Since antiquity, people have tried to understand the behavior of matter: why unsupported objects drop to the ground, why different materials have different properties, and so forth. Also a mystery was the character of the universe, such as the form of the Earth and the behavior of celestial objects such as the Sun and the Moon. Several theories were proposed, most of them were wrong. These theories were largely couched in philosophical terms, and never verified by systematic experimental testing. There were exceptions and there are anachronisms: for example, the Greek thinker Archimedes derived many correct quantitative descriptions of mechanics and hydrostatics.
From the 18th century onwards, thermodynamics was developed by Boyle, Young, and many others. In 1733, Bernoulli used statistical arguments with classical mechanics to derive thermodynamic results, initiating the field of statistical mechanics. In 1798, Thompson demonstrated the conversion of mechanical work into heat, and in 1847Joule stated the law of conservation of energy, in the form of heat as well as mechanical energy.

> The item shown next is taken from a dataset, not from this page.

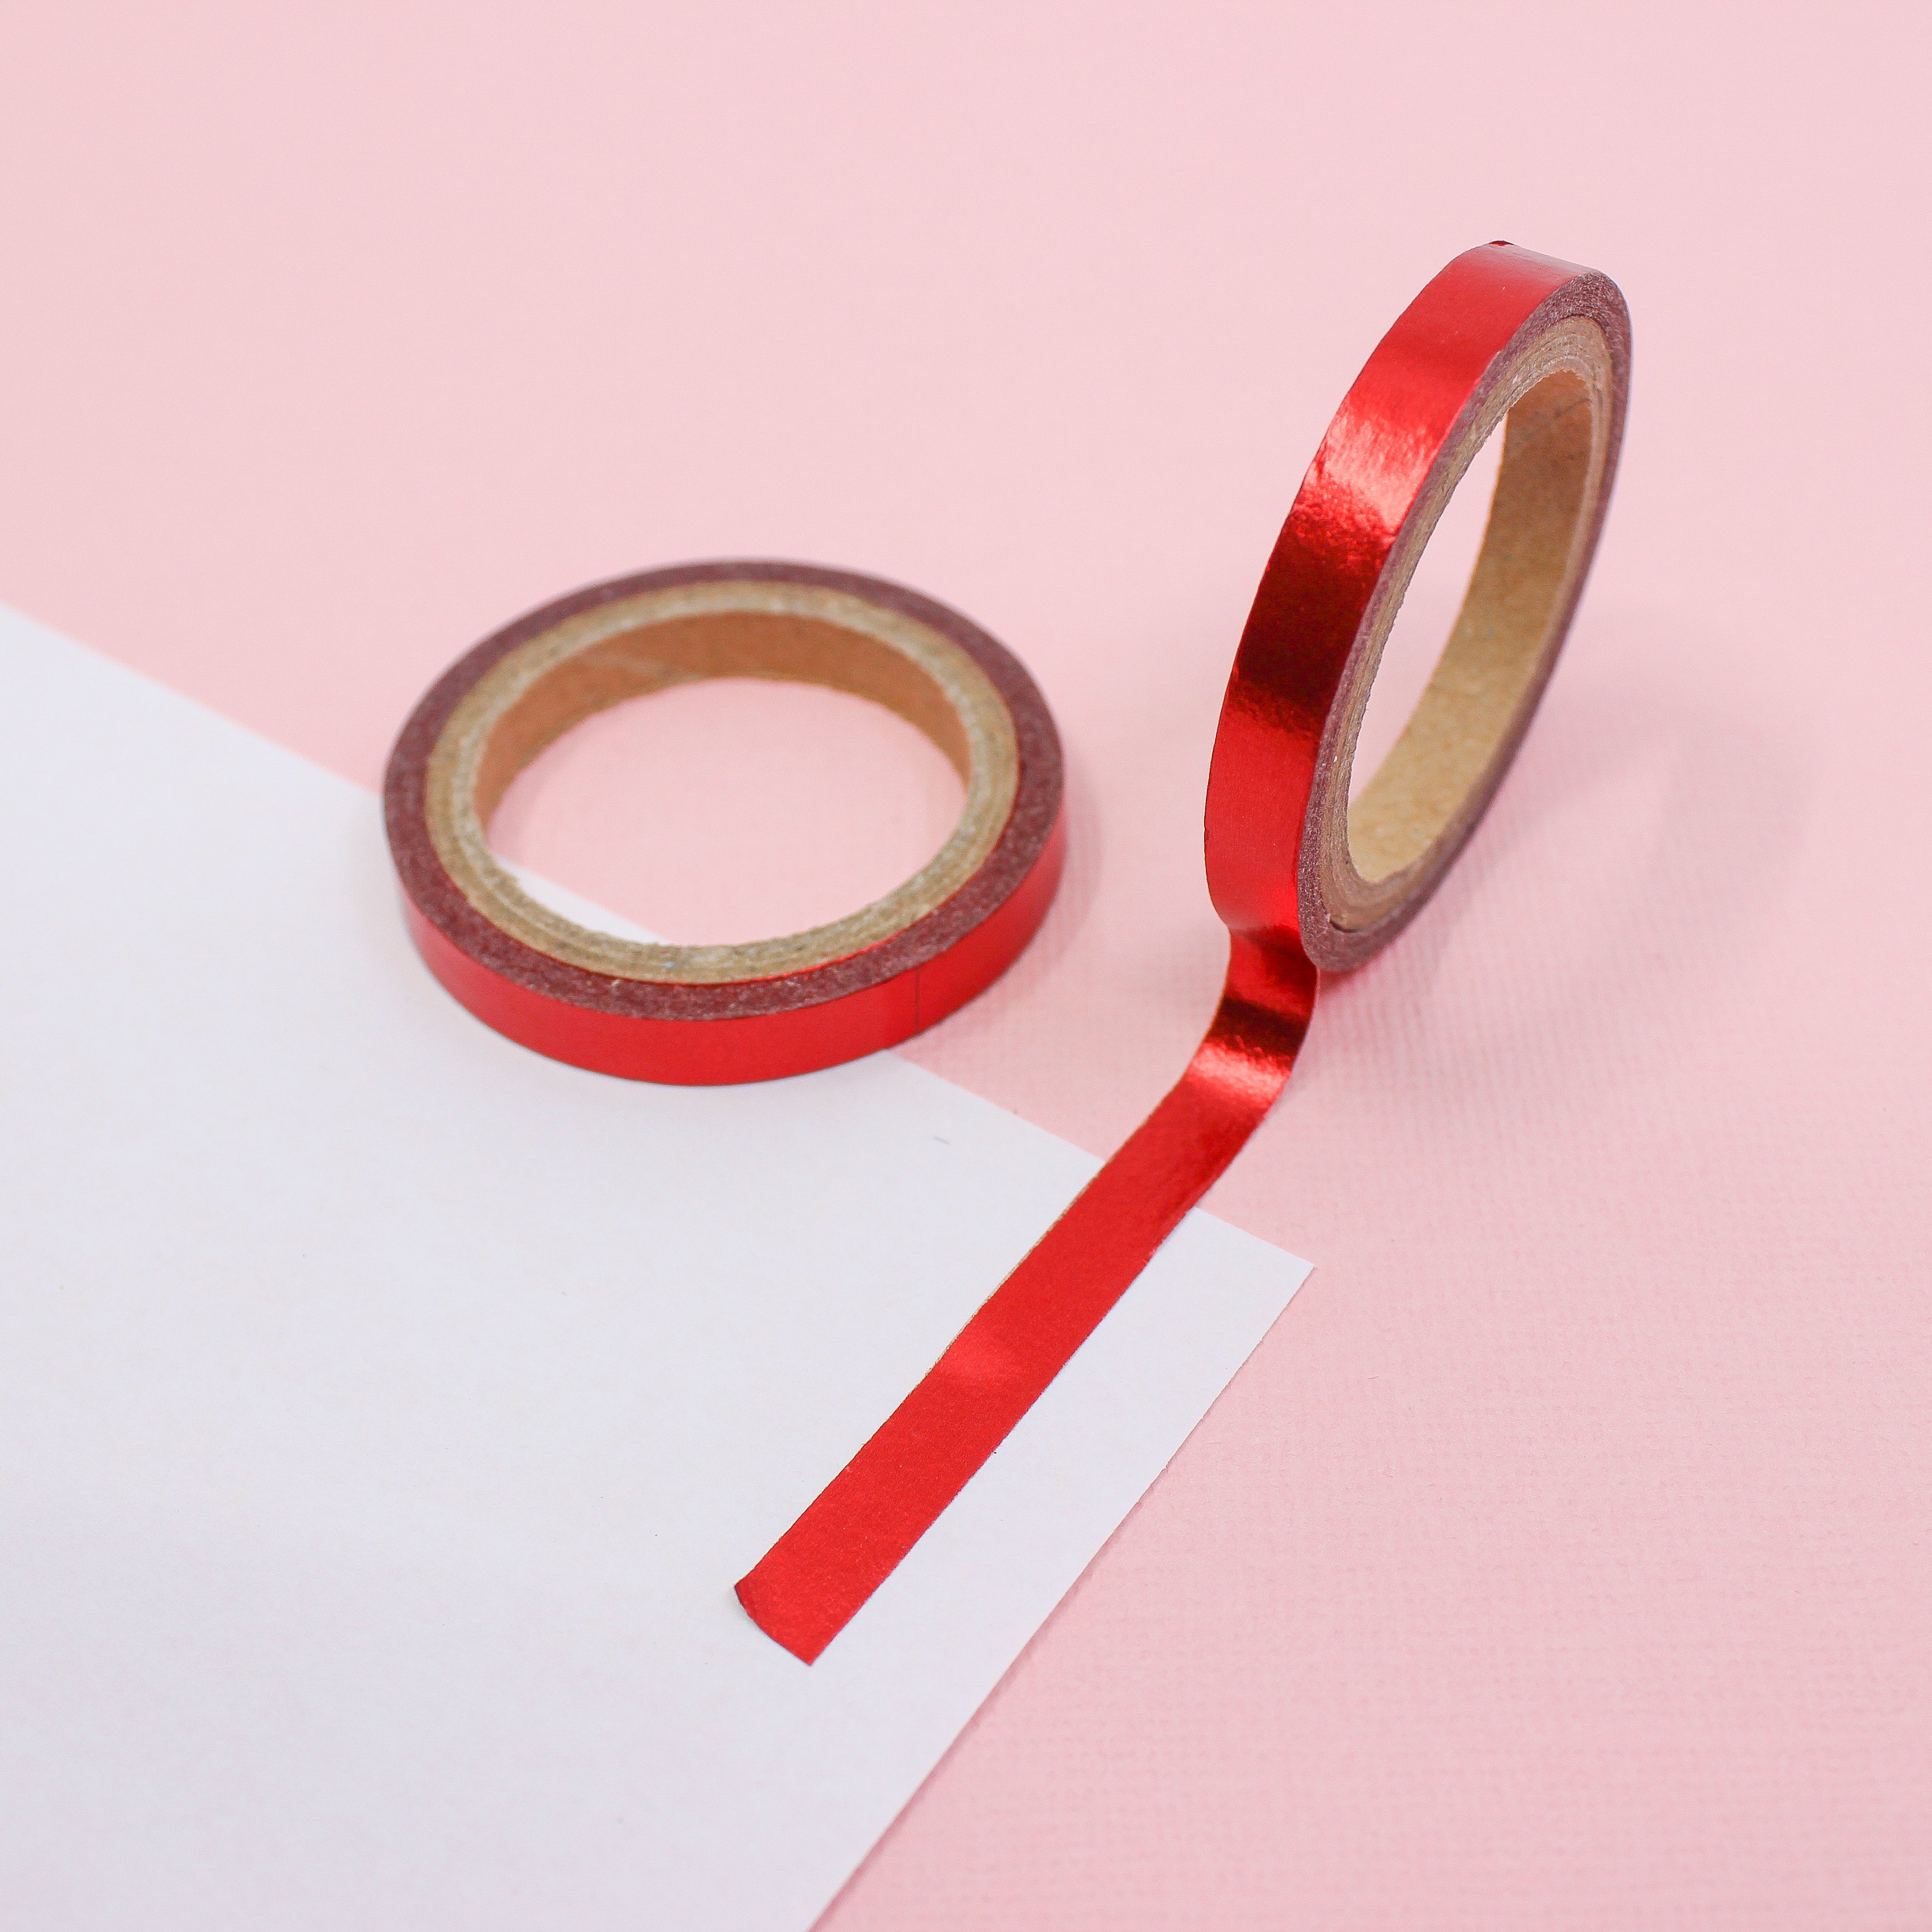 This is a solid red foil with themed washi tape from BBB Supplies Craft Shop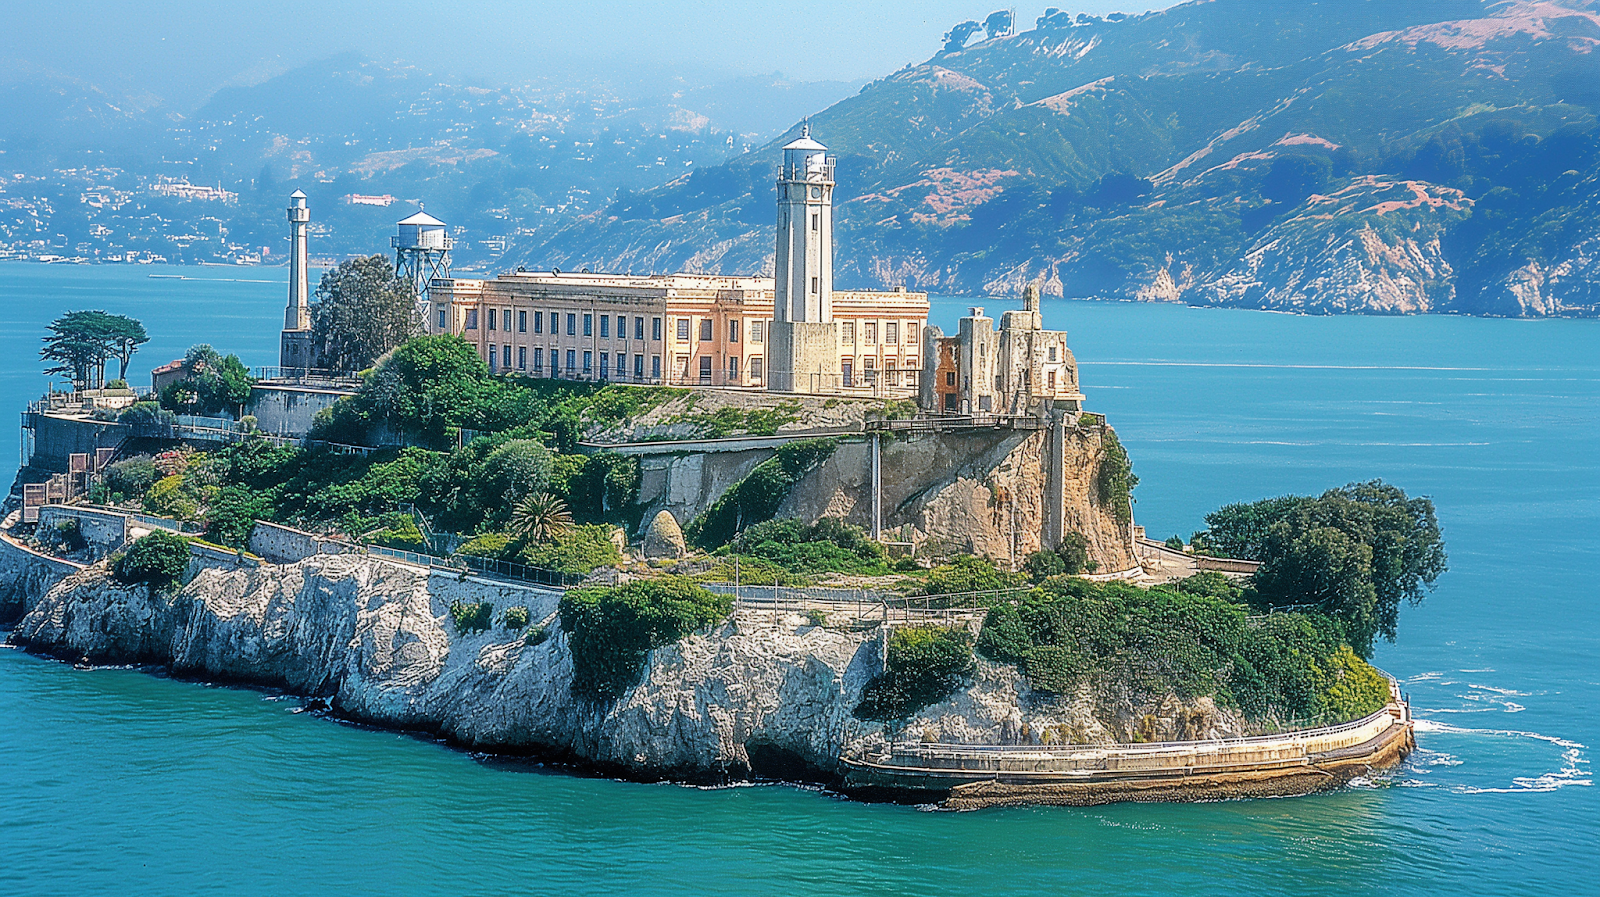 The historic Alcatraz Island, a solemn reminder of San Francisco’s past, viewed from the bay.

In 1897, Thomson discovered the electron, the elementary particle which carries electrical current in circuits. In 1904, he proposed the first model of the atom, known as the plum pudding model. (The existence of the atom had been proposed in 1808 by Dalton.)
In 1905, Einstein formulated the theory of special relativity, unifying space and time into a single entity, spacetime. Relativity prescribes a different transformation between reference frames than classical mechanics; this necessitated the development of relativistic mechanics as a replacement for classical mechanics. In the regime of low (relative) velocities, the two theories agree. In 1915, Einstein extended special relativity to explain gravity with the general theory of relativity, which replaces Newton's law of gravitation. In the regime of low masses and energies, the two theories agree.